Yukun-Huang / DreamWaltz-G

Official implementation of the paper "DreamWaltz-G: Expressive 3D Gaussian Avatars from Skeleton-Guided 2D Diffusion".
https://yukun-huang.github.io/DreamWaltz-G/
75 stars 3 forks source link

[Datasets] Where to download SMPL-X.zip? #4

Open xdobetter opened 6 days ago

xdobetter commented 6 days ago

Hello, I am very interested in your work. I have been looking for the link about SMPL-X.zip for a long time, but I can't find it. Could you give me some advice?


datasets
├── 3DPW
│   ├── readme_and_demo.zip
│   ├── sequenceFiles.zip
│   └── SMPL-X.zip ???
Yukun-Huang commented 6 days ago

The SMPL-X params of 3DPW can be download from here, but I don't think I have tested them.

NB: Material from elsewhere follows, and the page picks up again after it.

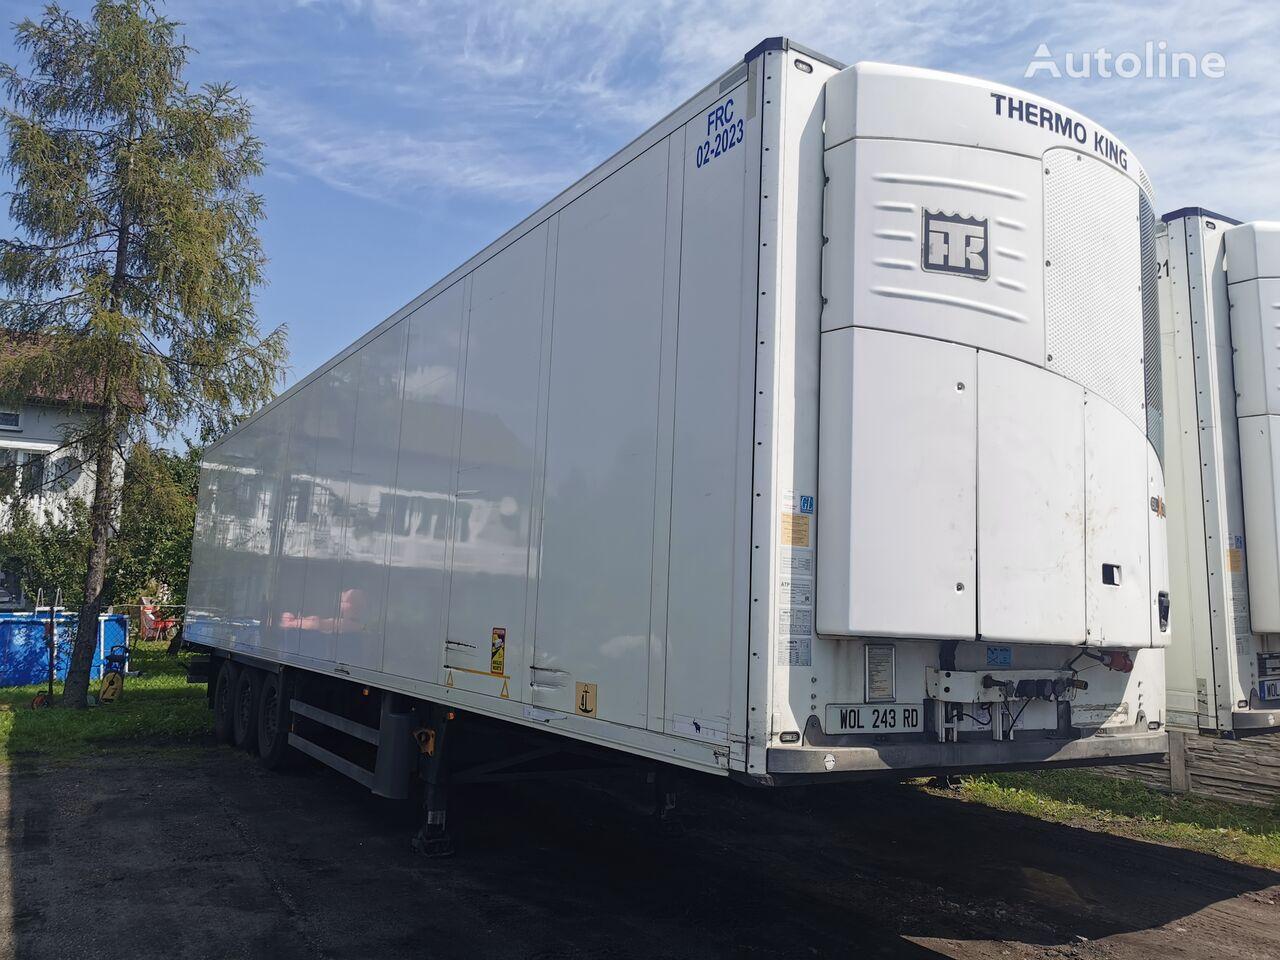 SCHMITZ CARGOBULL Sko24 refrigerated semi-trailer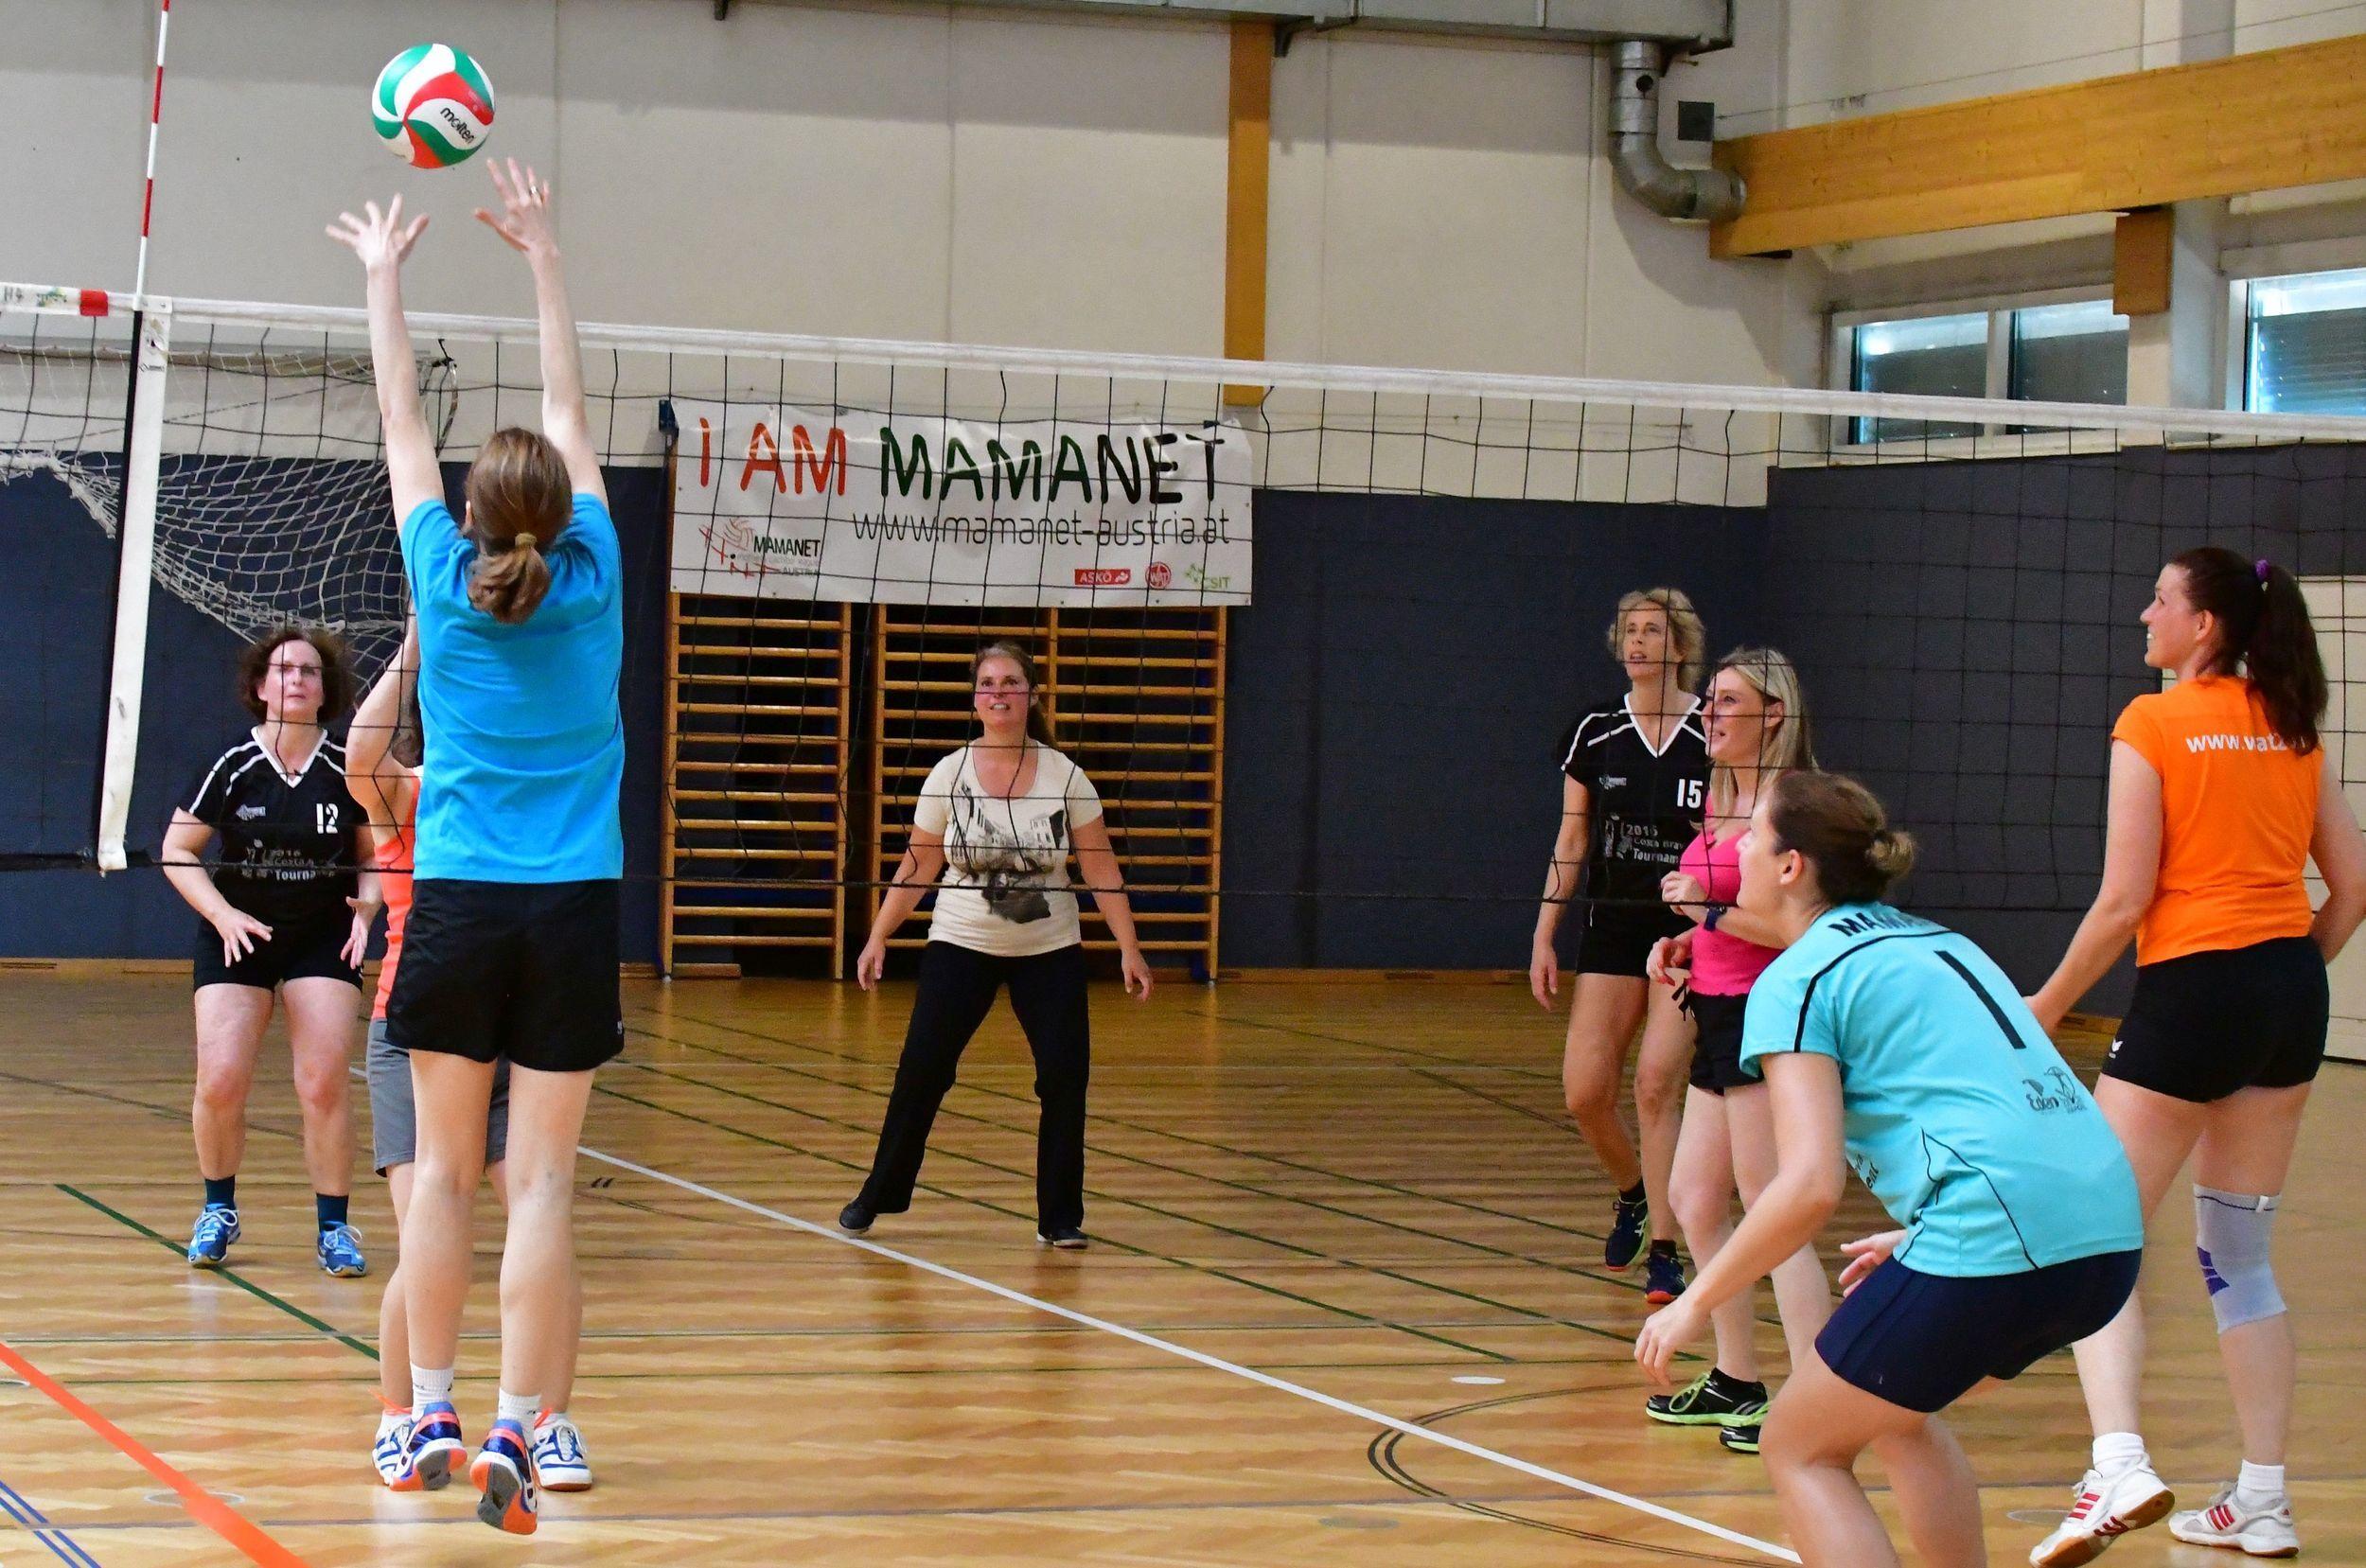 Aktuelle KURSE in Stockerau | Frauenakademie Pascalina

xdobetter commented 6 days ago

Thank you for your assistance. I will try it. I have other questions:

  1. How do I create a 2D Human Video Reenactment dataset?
  2. Does it support exporting mesh?
  3. How to replace the animation content of aist?
gt732 commented 6 days ago

@Yukun-Huang @xdobetter

This is the closest I've gotten to animating using a video in the wild. I used pymaf-x to get the SMPLX poses but for the life of me I can't figure out how to render the camera in the correct position. pymaf-x uses a weak camera perspective, this will need to be converted into something dreamwatlz-g understands and fed into

https://github.com/Yukun-Huang/DreamWaltz-G/blob/a4bd7de3bd5b0d3f930085a48f76f858cb1c0ea5/core/human/smpl_prompt.py#L151

pymaf-x params for the file i used its based off this video

https://github.com/user-attachments/assets/259df1f4-28f8-4c23-9e3b-f777c8e8801b

If someone wants to give it a shot here is the file. Once this is figured out we can easily use videos from the wild and animate using custom 3d avatars

https://github.com/HongwenZhang/PyMAF-X

https://drive.google.com/file/d/1VaMbQlCMqciw72us5XMiPIykrGvsZ1V1/view?usp=sharing

Dictionary with 13 keys:
  Key: 'pred_cam' ->     <class 'numpy.ndarray'> with shape (25, 3)
  Key: 'orig_cam' ->     <class 'numpy.ndarray'> with shape (25, 4)
  Key: 'orig_cam_t' ->     <class 'numpy.ndarray'> with shape (25, 3)
  Key: 'verts' ->     <class 'numpy.ndarray'> with shape (25, 6890, 3)
  Key: 'smplx_verts' ->     <class 'numpy.ndarray'> with shape (25, 10475, 3)
  Key: 'pose' ->     <class 'numpy.ndarray'> with shape (25, 72)
  Key: 'betas' ->     <class 'numpy.ndarray'> with shape (25, 10)
  Key: 'joints3d' ->     <class 'numpy.ndarray'> with shape (25, 49, 3)
  Key: 'joints2d' ->     List/Sequence with 25 elements:
        <class 'numpy.ndarray'> with shape (17, 3)
  Key: 'bboxes' ->     <class 'numpy.ndarray'> with shape (25, 4)
  Key: 'frame_ids' ->     List/Sequence with 25 elements:
        <class 'int'>
        Value: 0
  Key: 'person_ids' ->     List/Sequence with 25 elements:
        <class 'str'>
        Value: video2_mp4_f0_p0
  Key: 'smplx_params' ->     List/Sequence with 4 elements:
        Dictionary with 8 keys:
          Key: 'shape' ->             <class 'torch.Tensor'> with shape torch.Size([8, 10])
          Key: 'body_pose' ->             <class 'torch.Tensor'> with shape torch.Size([8, 24, 3, 3])
          Key: 'left_hand_pose' ->             <class 'torch.Tensor'> with shape torch.Size([8, 15, 3, 3])
          Key: 'right_hand_pose' ->             <class 'torch.Tensor'> with shape torch.Size([8, 15, 3, 3])
          Key: 'jaw_pose' ->             <class 'torch.Tensor'> with shape torch.Size([8, 1, 3, 3])
          Key: 'leye
_pose' ->             <class 'torch.Tensor'> with shape torch.Size([8, 1, 3, 3])
          Key: 'reye_pose' ->             <class 'torch.Tensor'> with shape torch.Size([8, 1, 3, 3])
          Key: 'expression' ->             <class 'torch.Tensor'> with shape torch.Size([8, 50])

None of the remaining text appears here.